──────── GIVEN INFORMATION

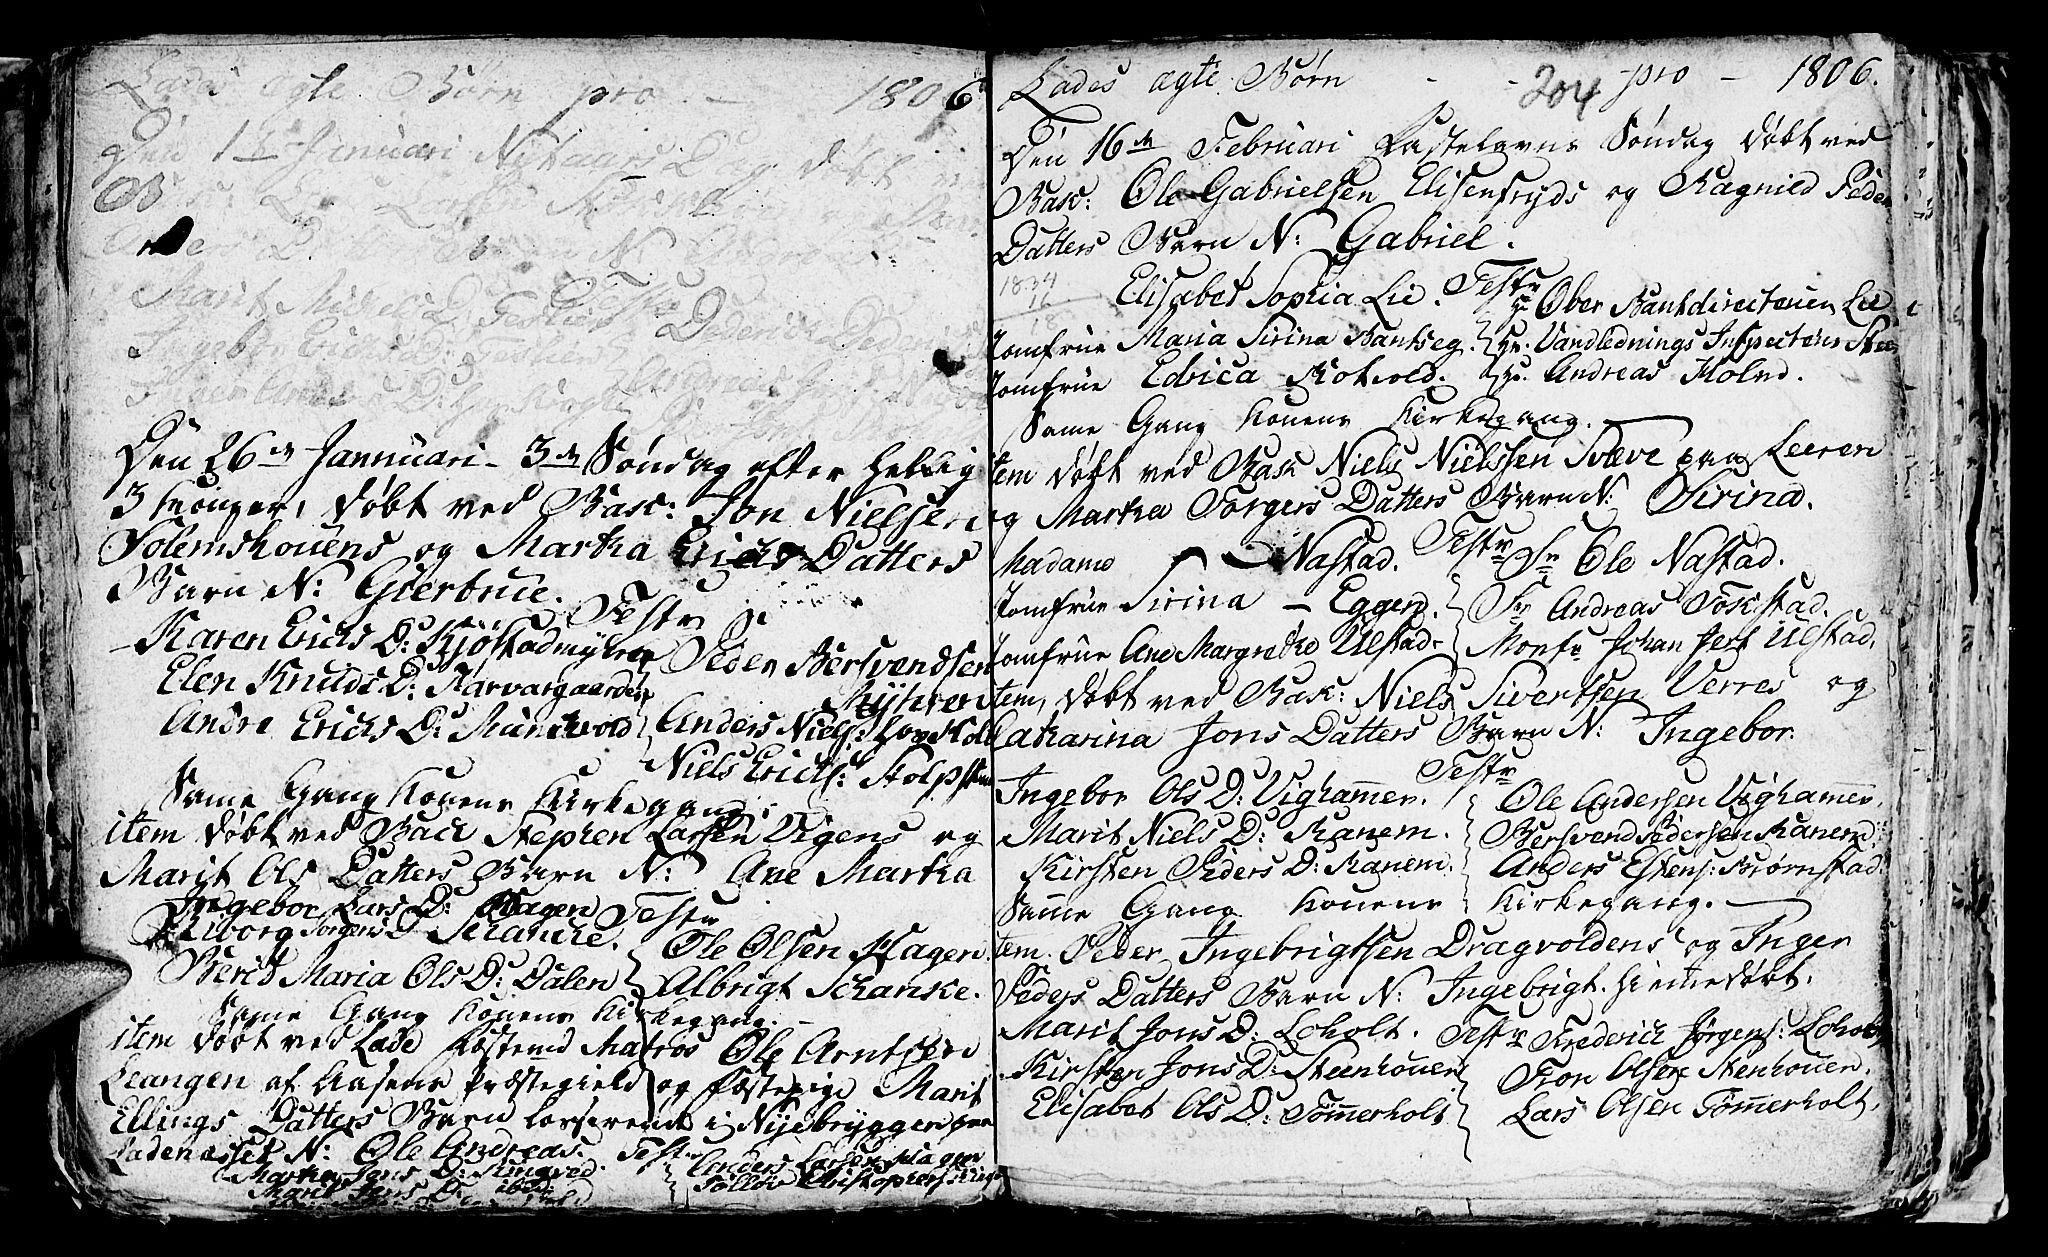 SAT, Ministerialprotokoller, klokkerbøker og fødselsregistre - Sør-Trøndelag, 606/L0305: Klokkerbok nr. 606C01, 1757-1819, s. 204
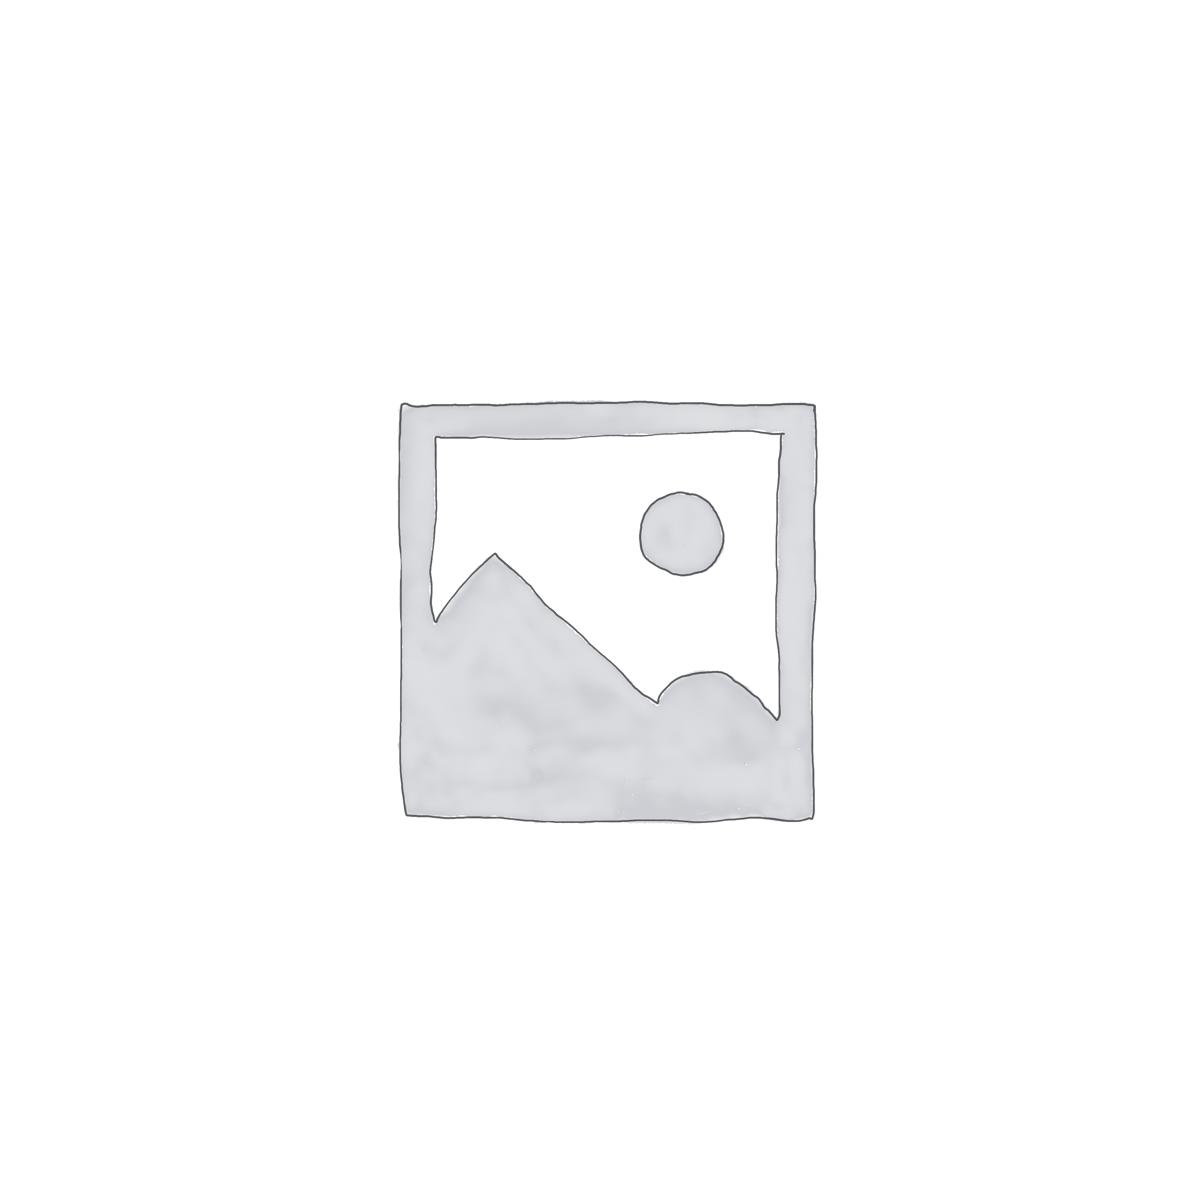 iPhone 7 Ricondizionato – 128GB – Grado B – RED
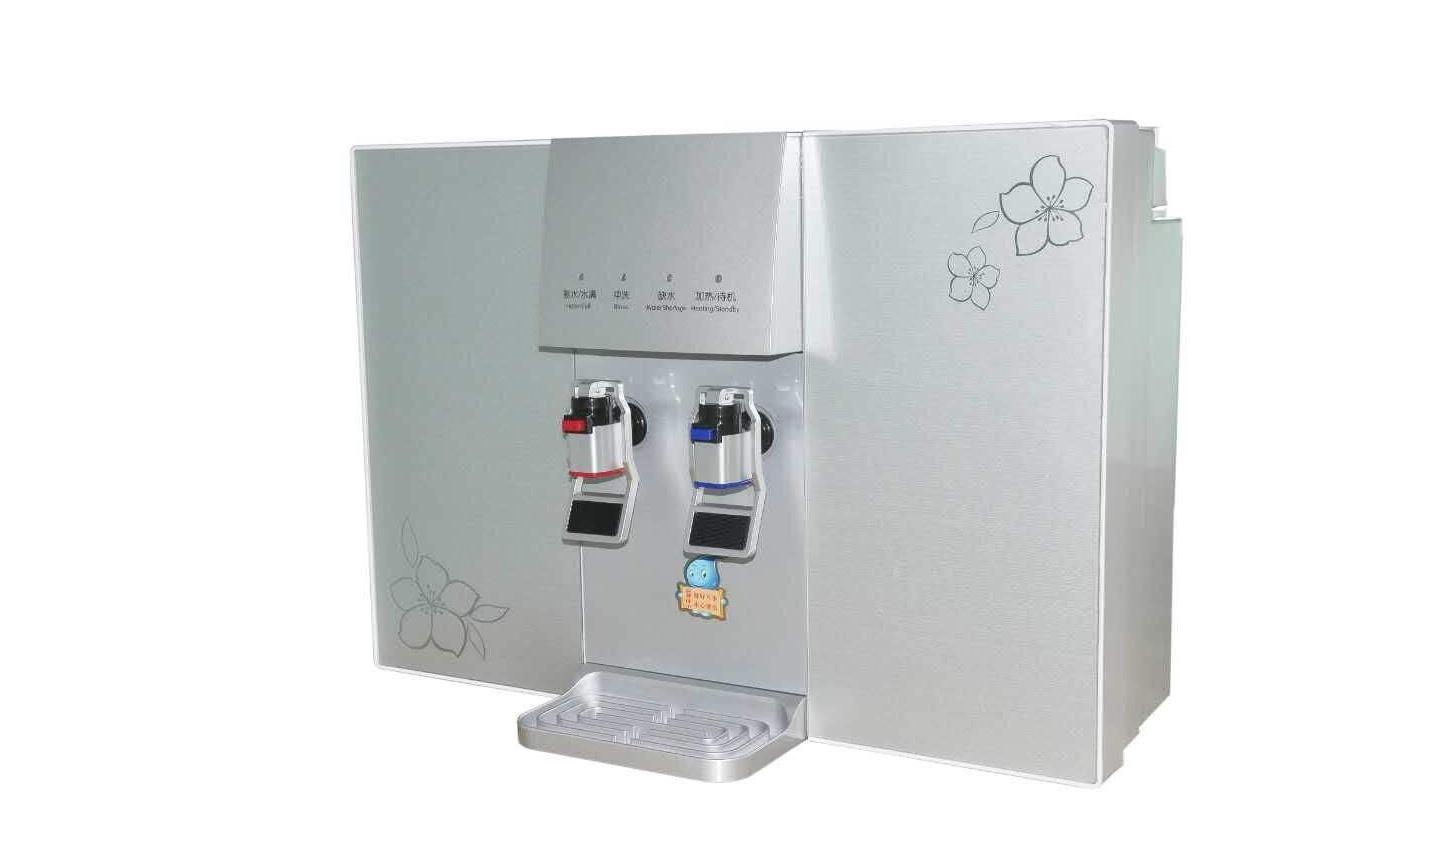 上海嘉定环境监测站环境监测常用小型设备招标公告
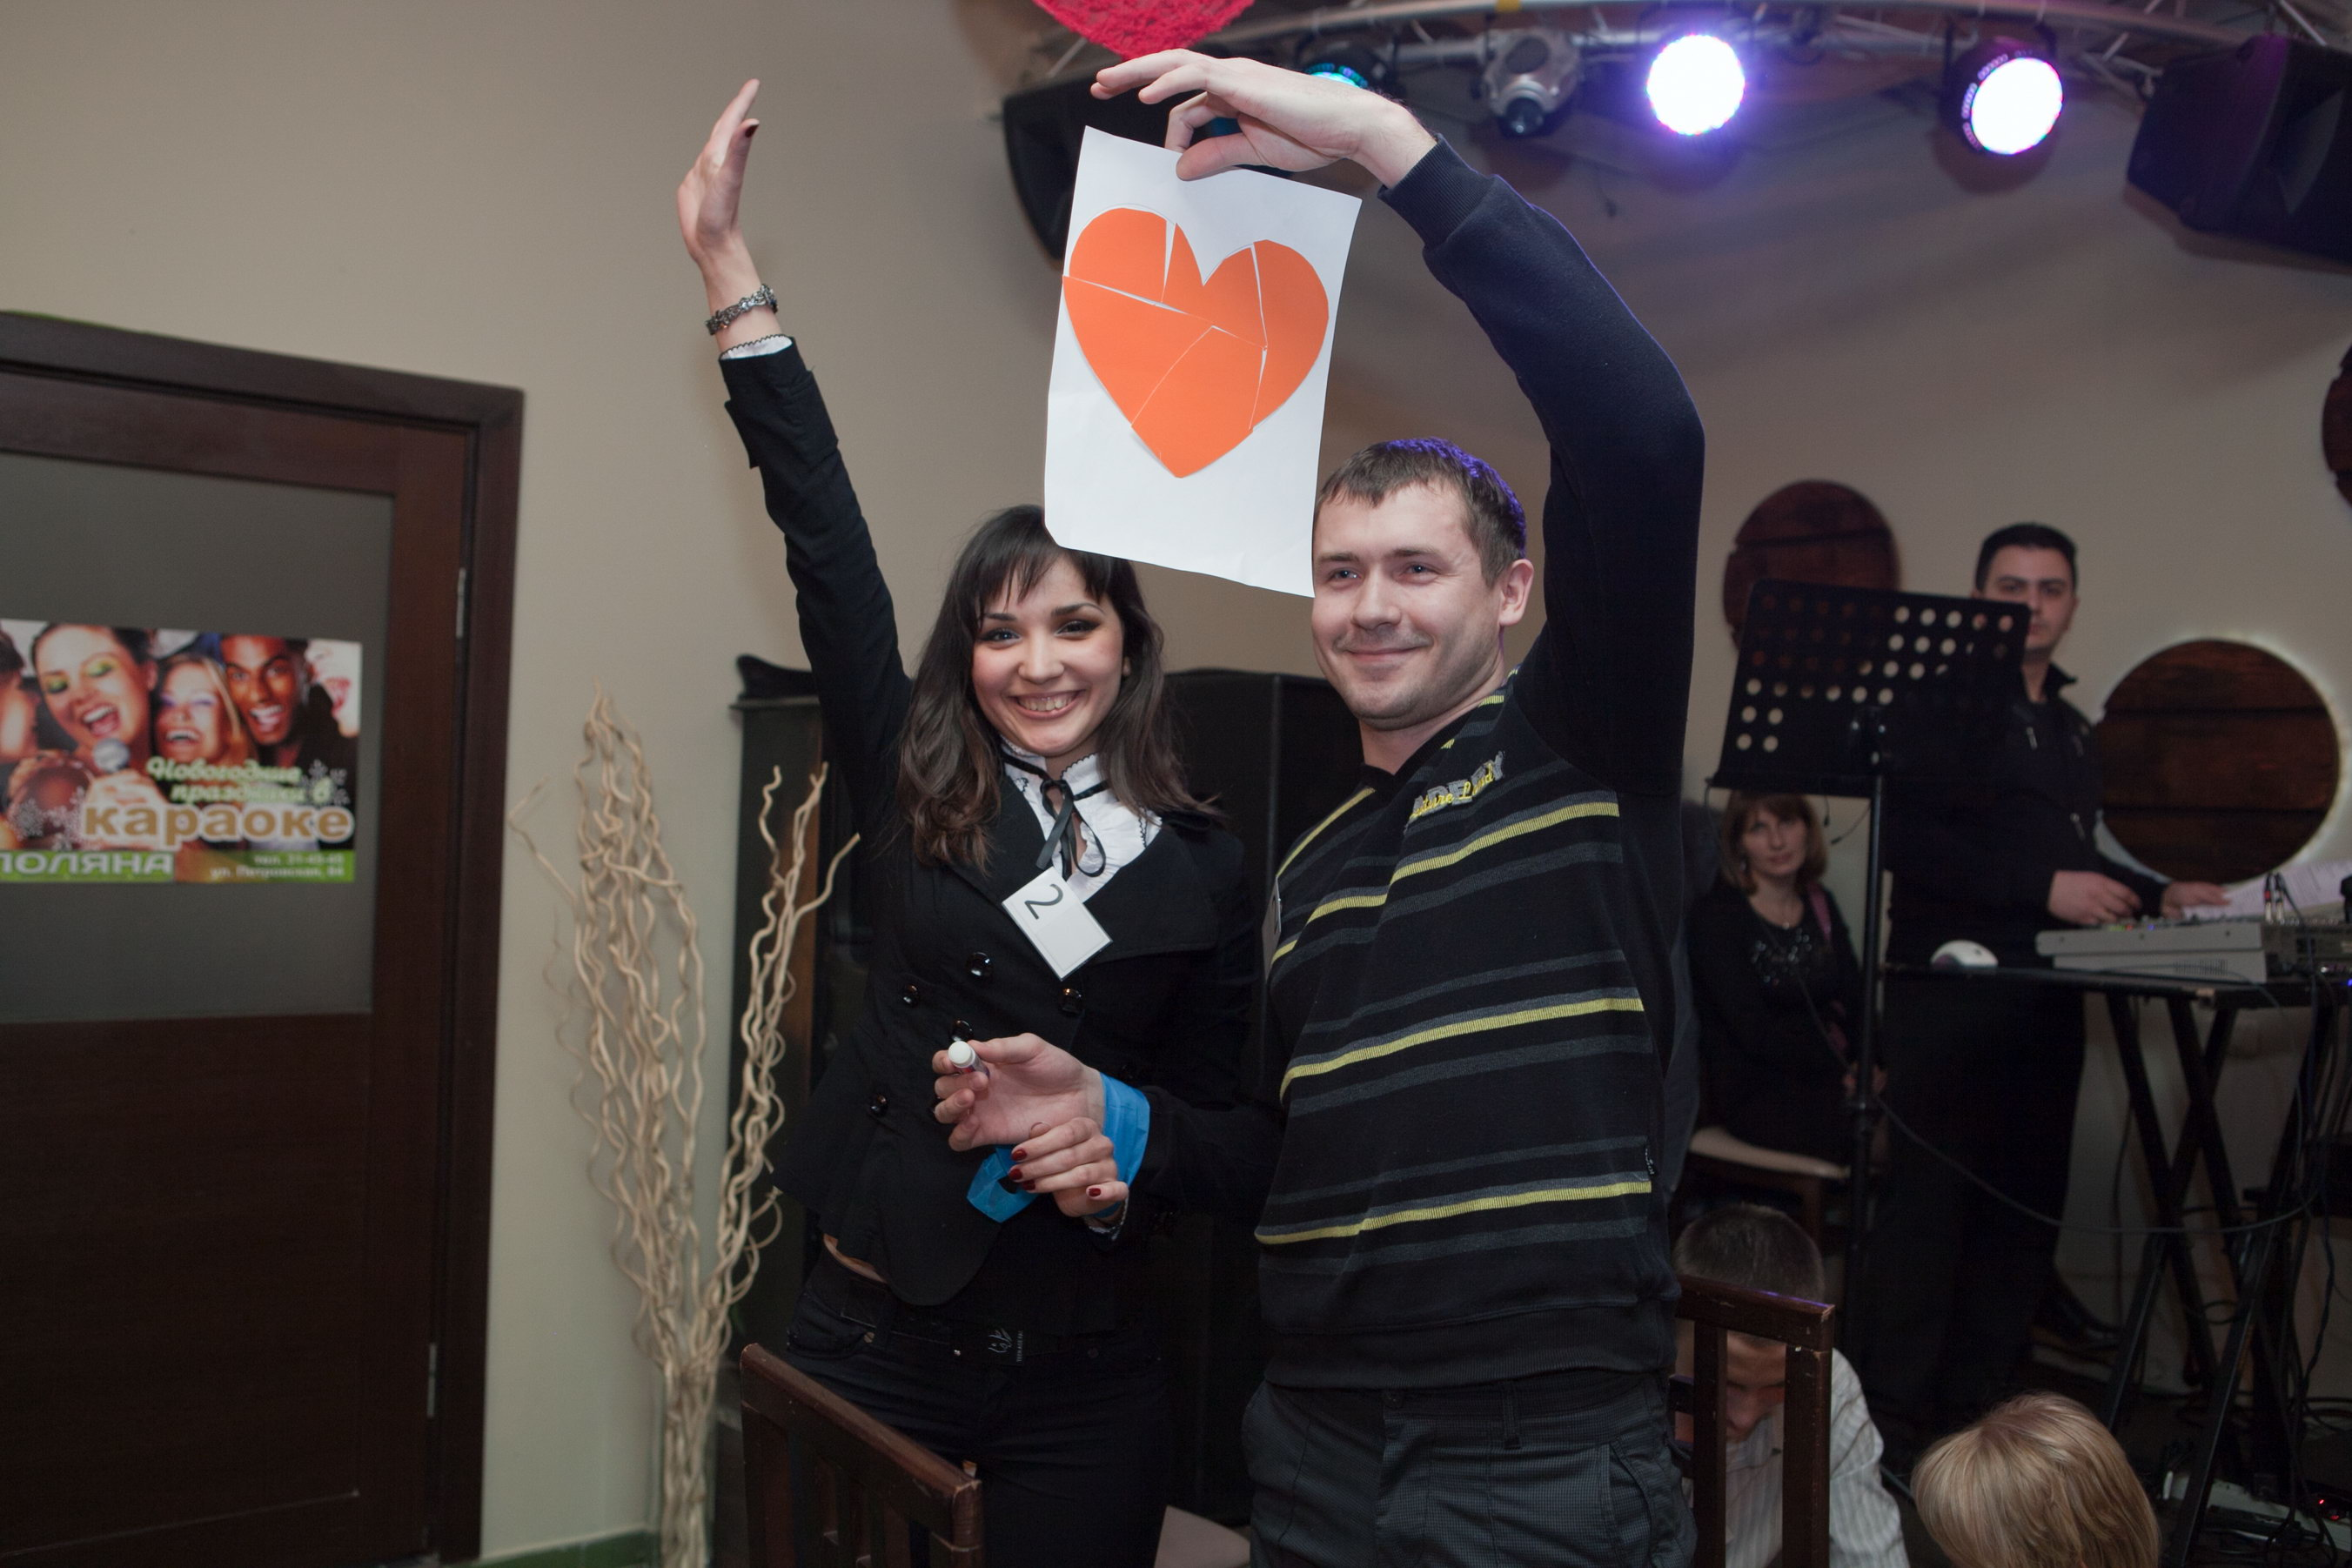 Итоги конкурса Самая красивая свадьба Таганрога 2011

────────────────

**WORK REQUEST:**
From the line containing "上海嘉定环境监测站环境监测常用小型设备招标公告" to the last line of the material, every line is to be reproduced exactly. No picture belongs in the copy.

**SOLUTION TO THIS PROBLEM:**
 上海嘉定环境监测站环境监测常用小型设备招标公告
 Итоги конкурса Самая красивая свадьба Таганрога 2011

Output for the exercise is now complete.